Depth Anything v1: ViT-S ~1–2 s, ViT-B ~2–4 s, ViT-L ~4–8 s (image dependent).
Depth Anything v2: similar to v1 with improved sharpness; HF downloads add one-time startup overhead.
Pixel-Perfect Depth: diffusion + metric refinement typically takes longer (10–20 denoise steps) but returns metrically-aligned depth suitable for downstream 3D tasks.

🎯 Usage Tips

Mix-and-match any two models in comparison tabs to highlight qualitative differences.
Use the Single Model tab to corroborate PPD metric depth versus RGB input.
Leverage the provided examples to benchmark indoor/outdoor, lighting extremes, and complex geometry scenarios before running custom images.

🤝 Contributing

Enhancements are welcome—new model backends, visualization modes, or memory optimizations are especially valuable for ZeroGPU deployments.
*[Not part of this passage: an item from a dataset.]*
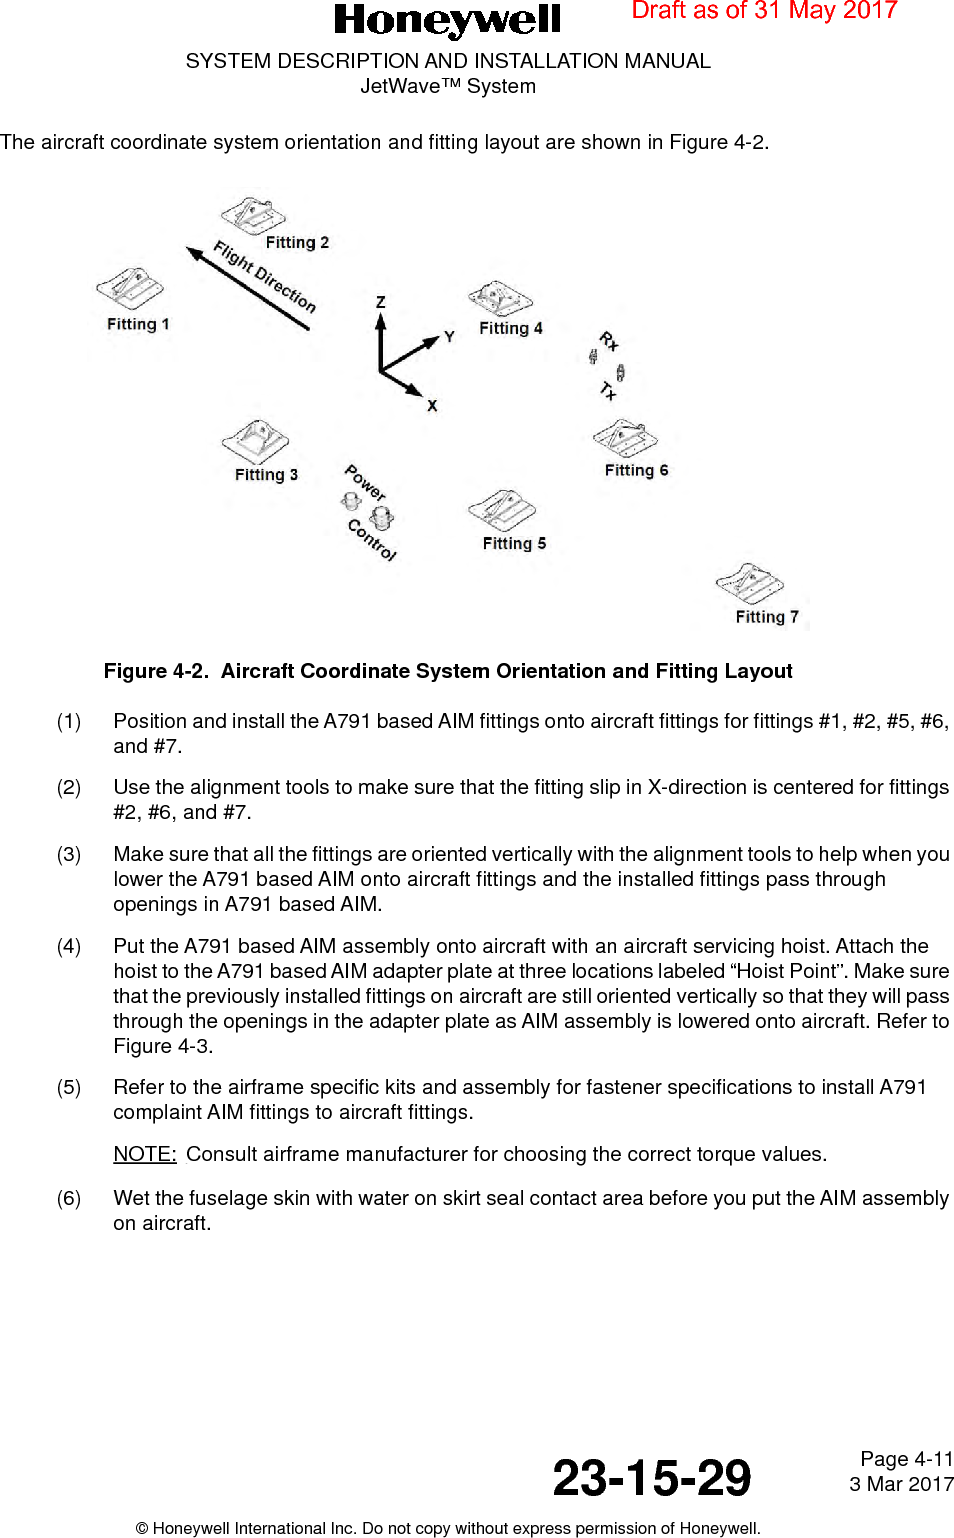 Page 4-11 3 Mar 201723-15-29SYSTEM DESCRIPTION AND INSTALLATION MANUALJetWave™ System© Honeywell International Inc. Do not copy without express permission of Honeywell.The aircraft coordinate system orientation and fitting layout are shown in Figure 4-2.Figure 4-2.  Aircraft Coordinate System Orientation and Fitting Layout (1) Position and install the A791 based AIM fittings onto aircraft fittings for fittings #1, #2, #5, #6, and #7. (2) Use the alignment tools to make sure that the fitting slip in X-direction is centered for fittings #2, #6, and #7. (3) Make sure that all the fittings are oriented vertically with the alignment tools to help when you lower the A791 based AIM onto aircraft fittings and the installed fittings pass through openings in A791 based AIM. (4) Put the A791 based AIM assembly onto aircraft with an aircraft servicing hoist. Attach the hoist to the A791 based AIM adapter plate at three locations labeled “Hoist Point”. Make sure that the previously installed fittings on aircraft are still oriented vertically so that they will pass through the openings in the adapter plate as AIM assembly is lowered onto aircraft. Refer to Figure 4-3.(5) Refer to the airframe specific kits and assembly for fastener specifications to install A791 complaint AIM fittings to aircraft fittings. NOTE: Consult airframe manufacturer for choosing the correct torque values. (6) Wet the fuselage skin with water on skirt seal contact area before you put the AIM assembly on aircraft.Draft as of 31 May 2017

Please follow the coding style in app.py and keep documentation in sync with new capabilities.

📚 References

📄 License

Depth Anything v1: MIT License
Depth Anything v2: Apache 2.0 License
Pixel-Perfect Depth: see upstream repository for licensing
Demo scaffolding in this repo: MIT License (follow individual component terms)

Built as a hands-on playground for exploring modern monocular depth estimators. Adjust tabs, compare outputs, and plug results into your 3D workflows.